*Collected data:*
↓↓↓
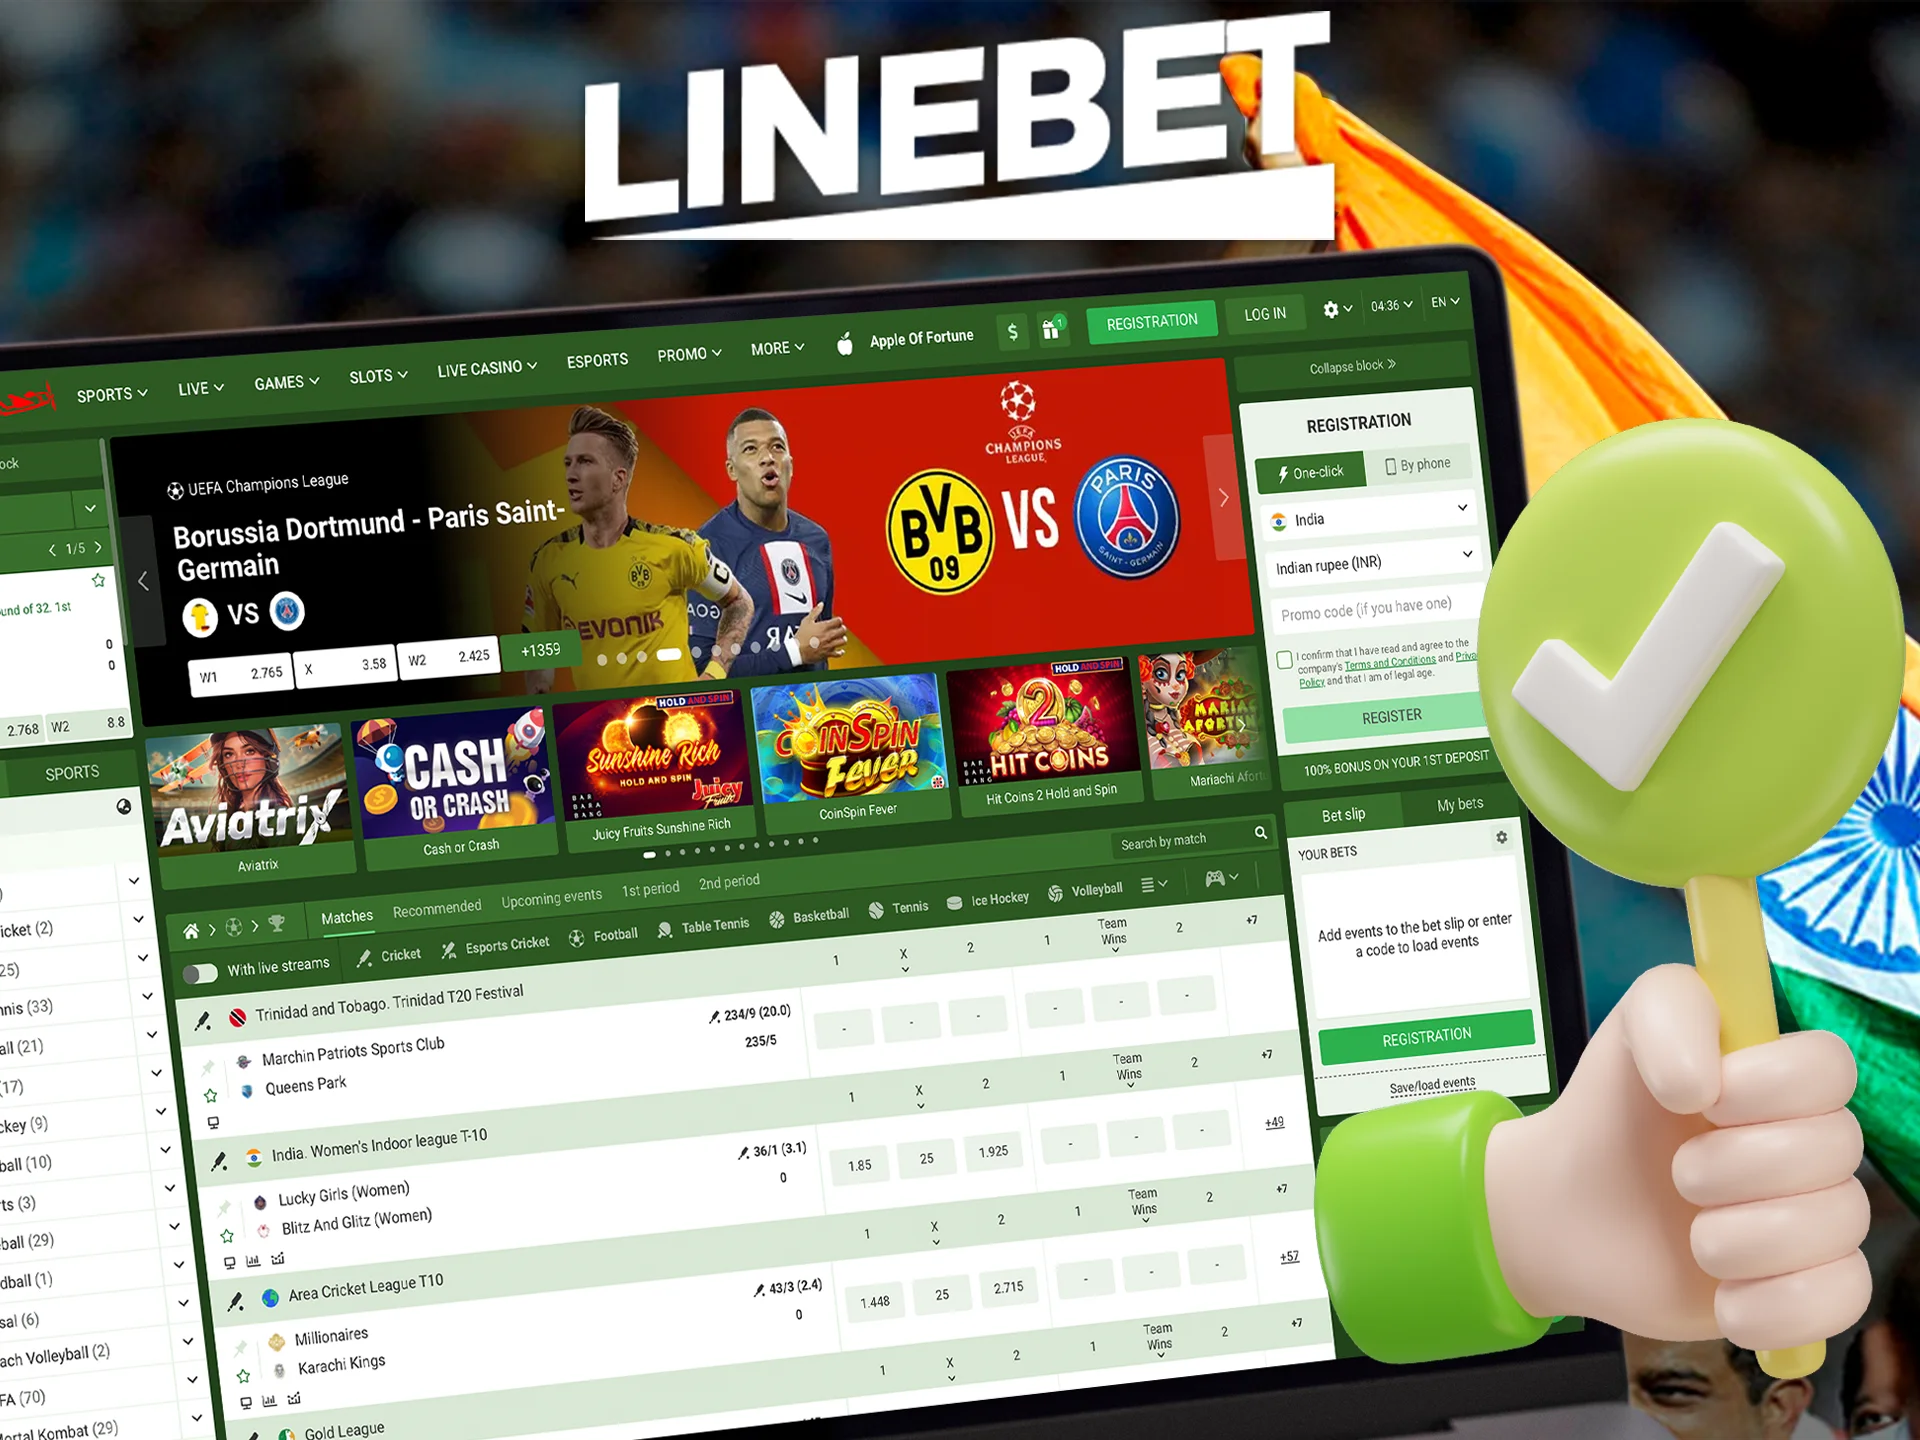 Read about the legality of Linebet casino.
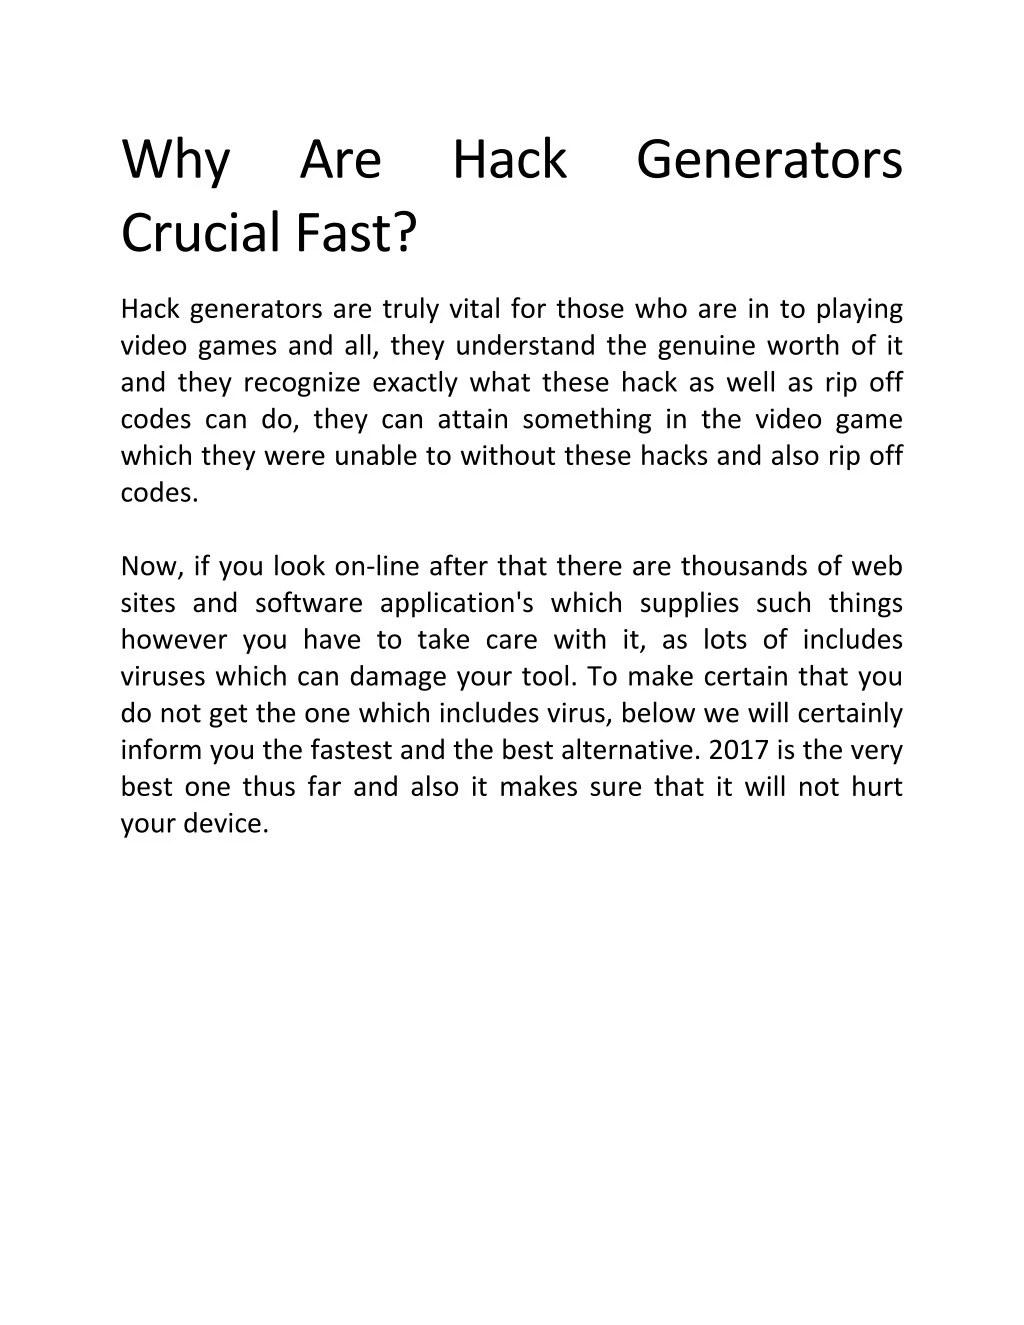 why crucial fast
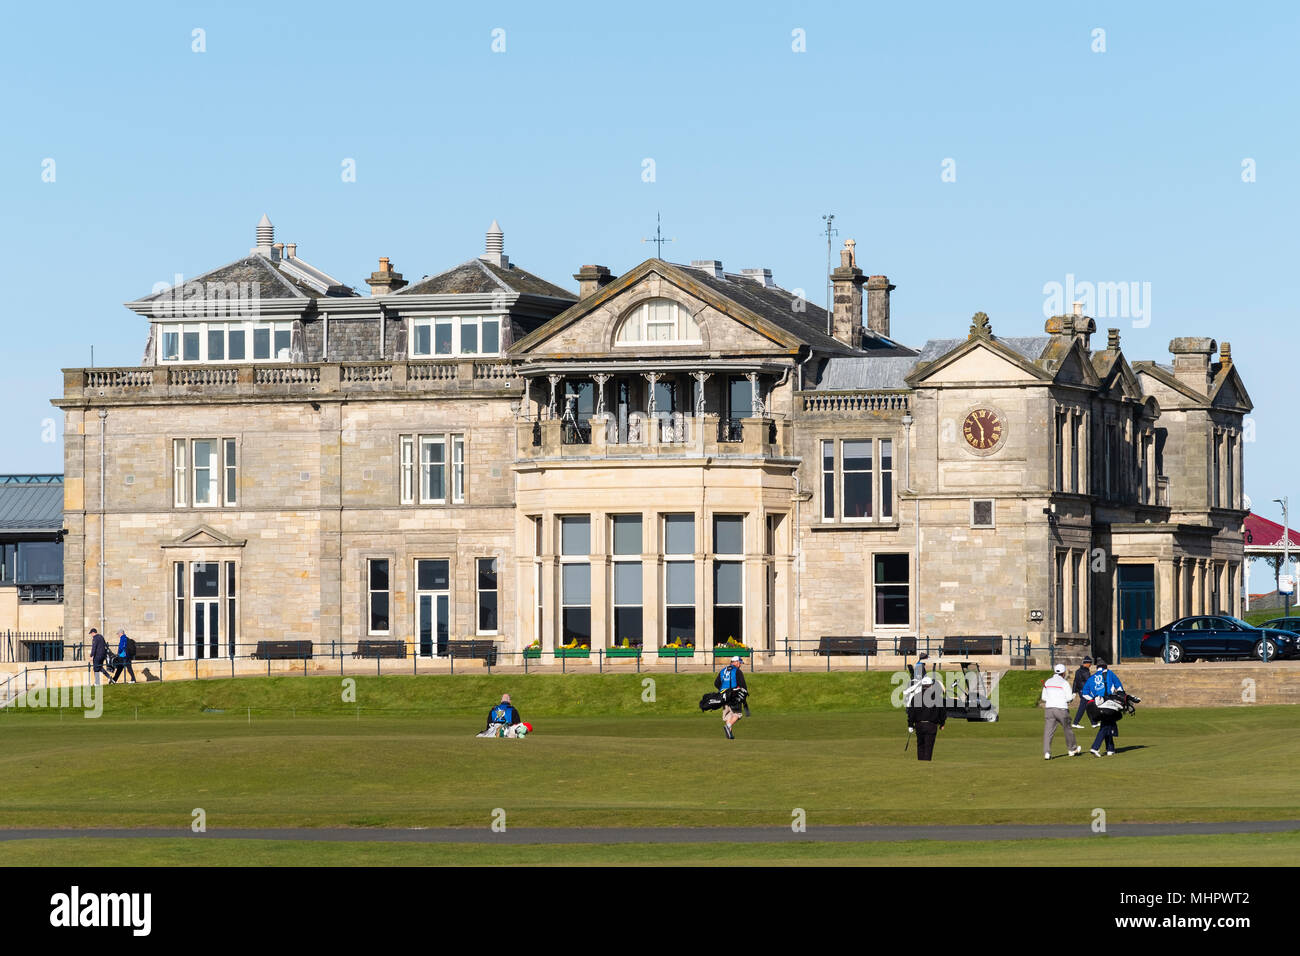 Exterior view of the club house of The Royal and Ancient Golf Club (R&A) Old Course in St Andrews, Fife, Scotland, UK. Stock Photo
↑↑↑
*Work order:* Everything in the listing except the pictures must be reproduced exactly.

*Task response:*
 Read about the legality of Linebet casino.
 why crucial fast
 Exterior view of the club house of The Royal and Ancient Golf Club (R&A) Old Course in St Andrews, Fife, Scotland, UK. Stock Photo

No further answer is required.